■ **What you need to do**:
The whole listing needs to be written out exactly, except for any images.

■ **Data**:
◇ ◇ ◇ ◇

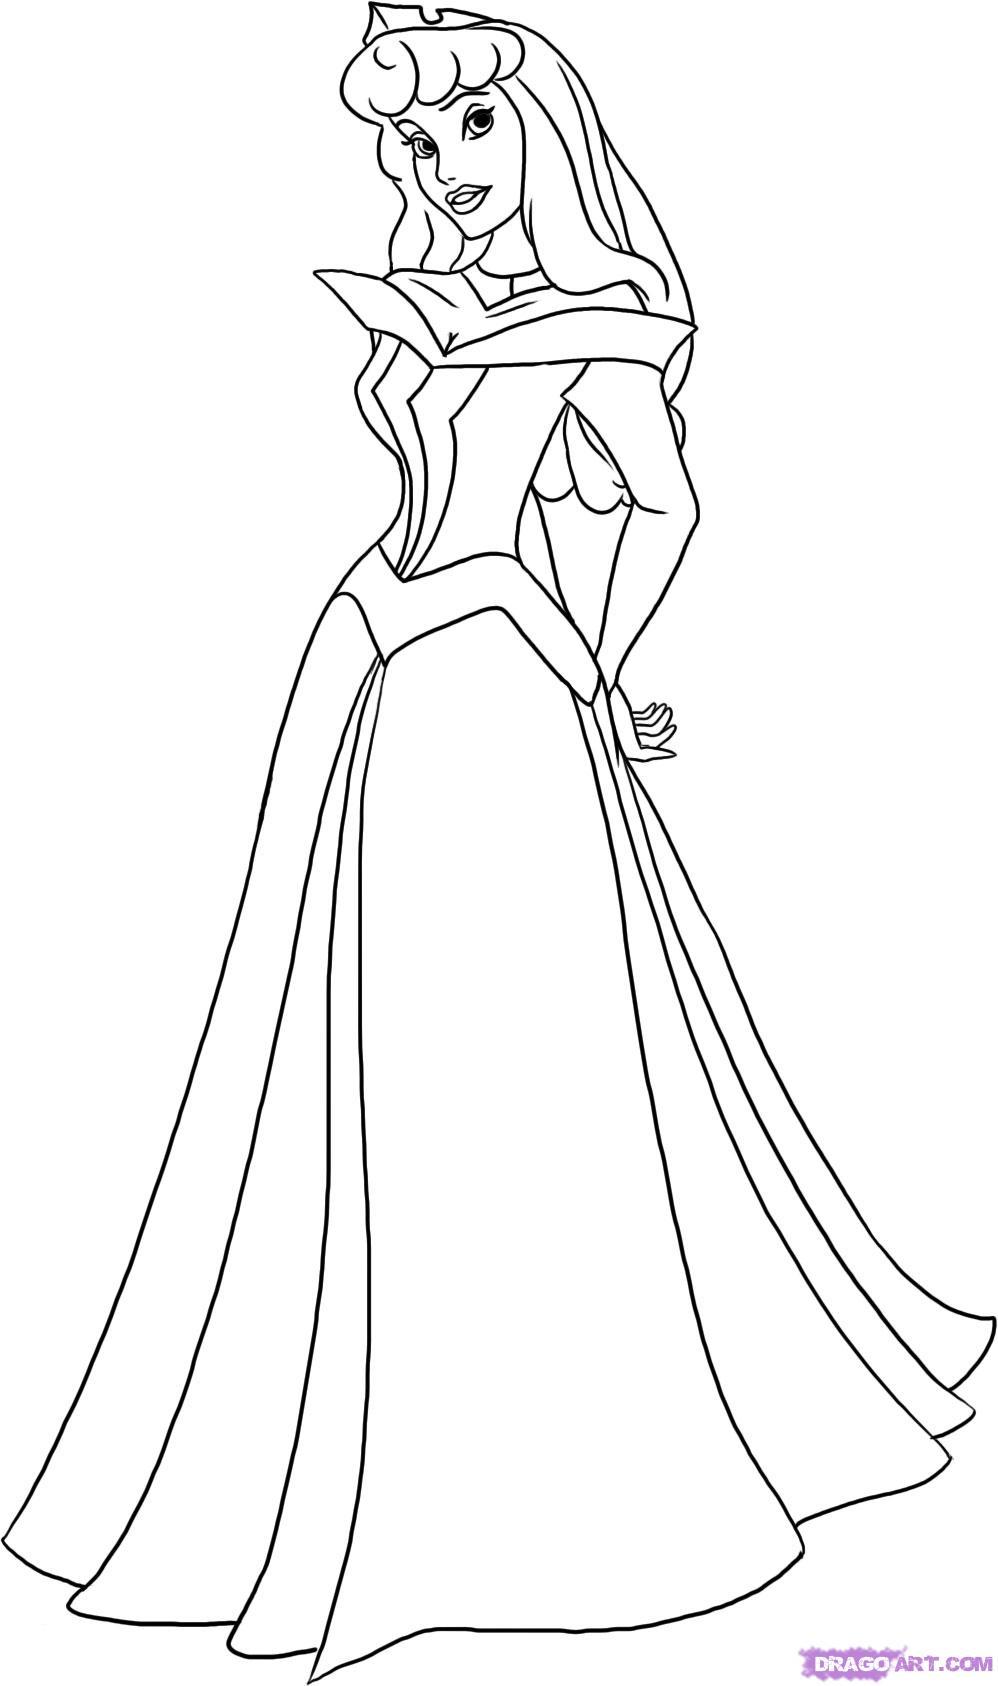 998x1686 Princess Drawings
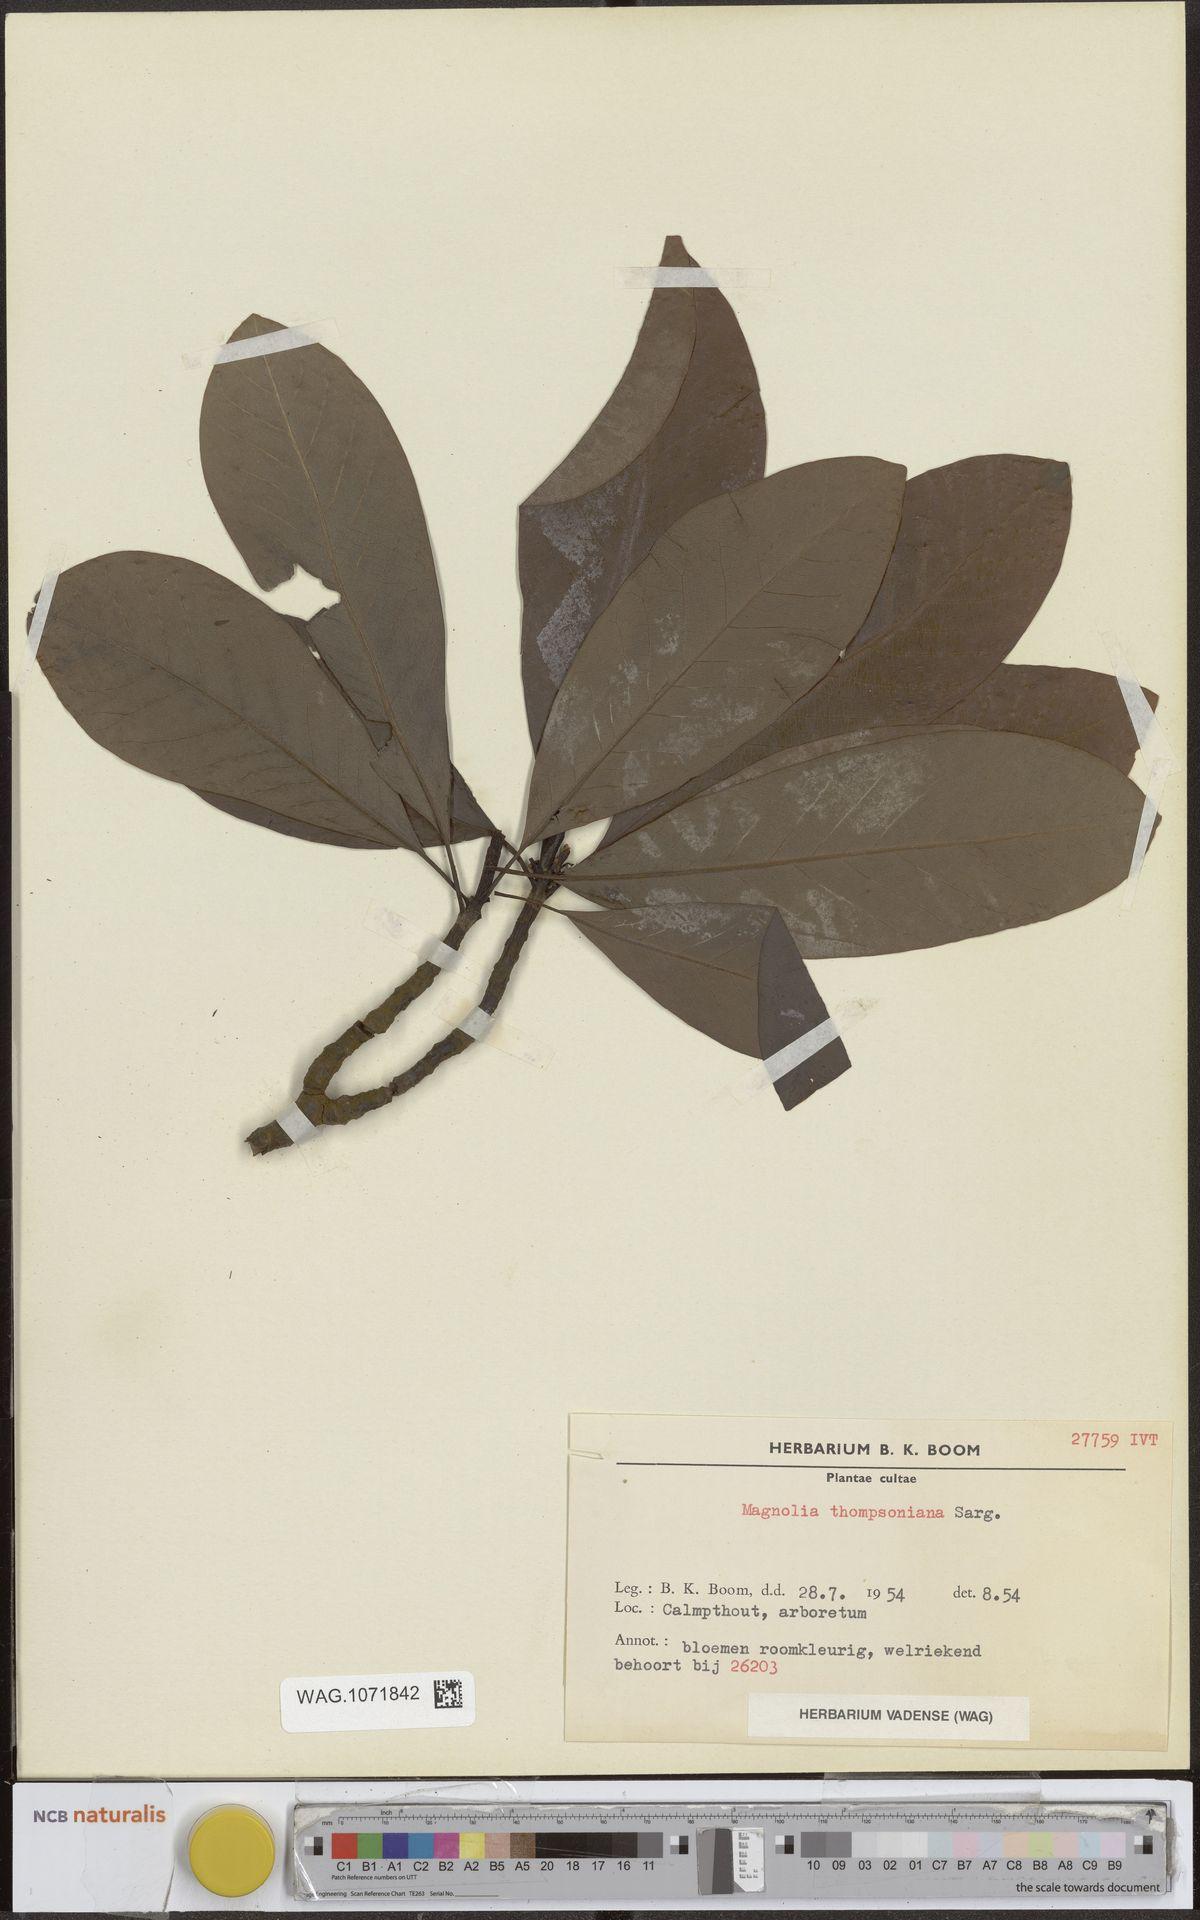 WAG.1071842 | Magnolia ×thompsoniana de Vos
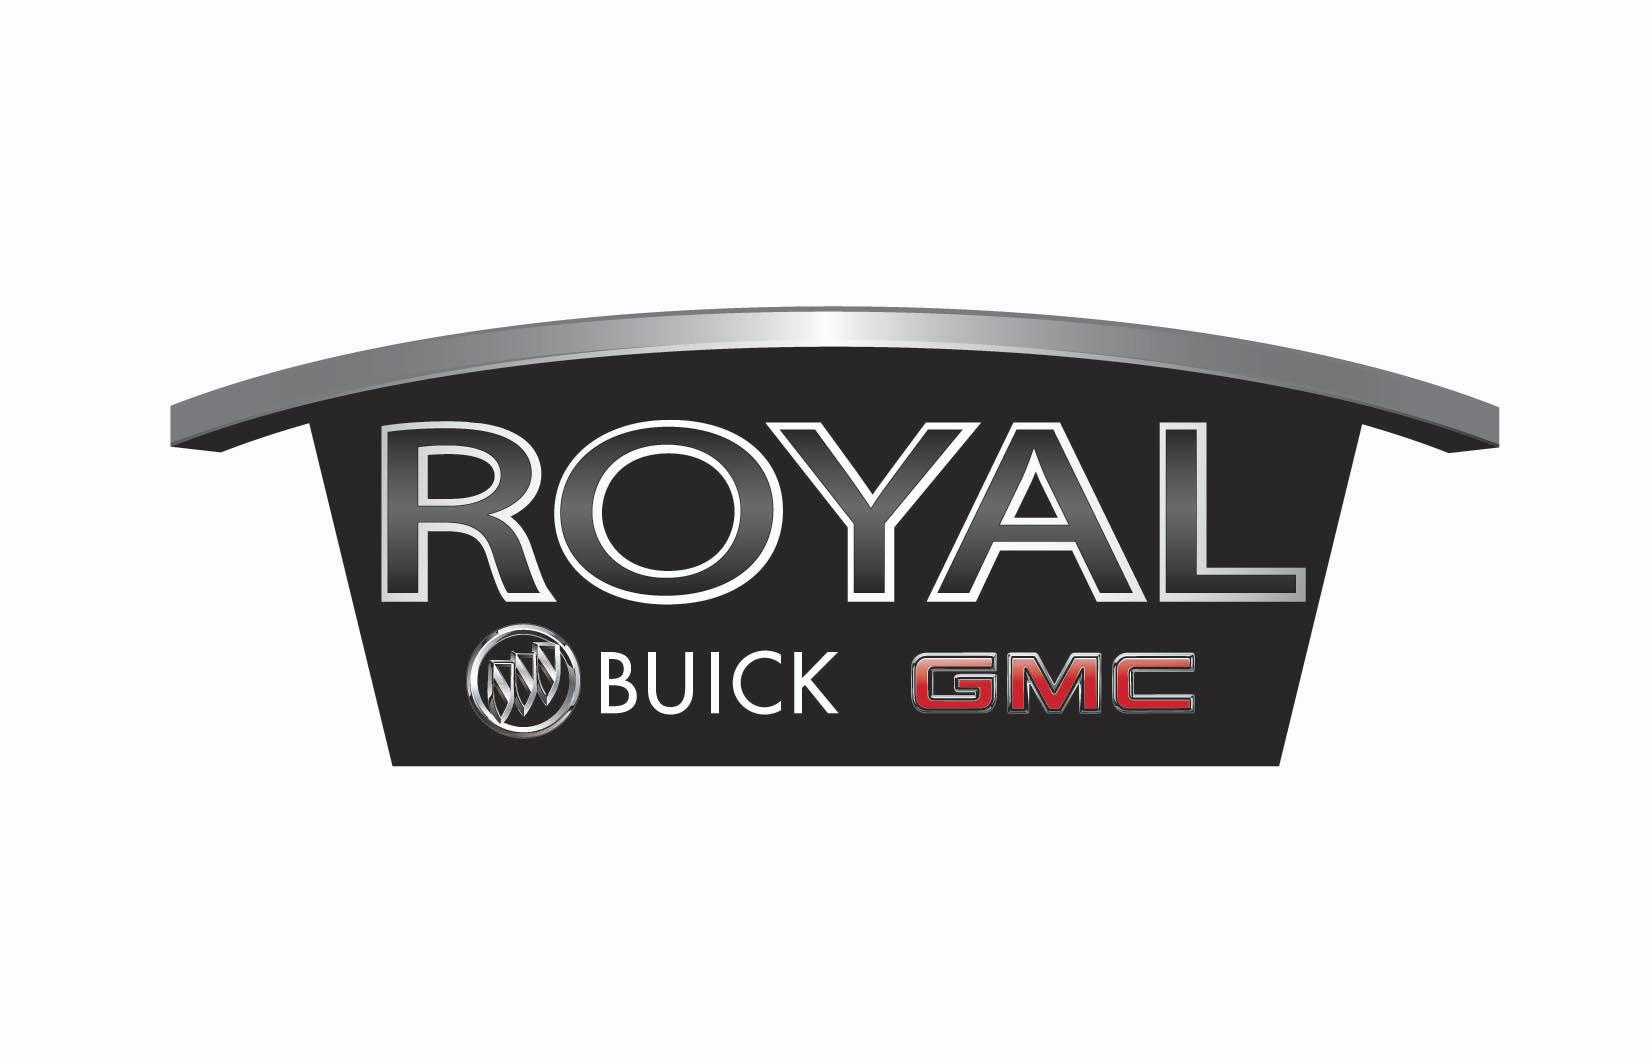 Royal Buick GMC, Sussex NJ

◇ ◇ ◇ ◇

■ **Reply to the task**:
 998x1686 Princess Drawings
 WAG.1071842 | Magnolia ×thompsoniana de Vos
 Royal Buick GMC, Sussex NJ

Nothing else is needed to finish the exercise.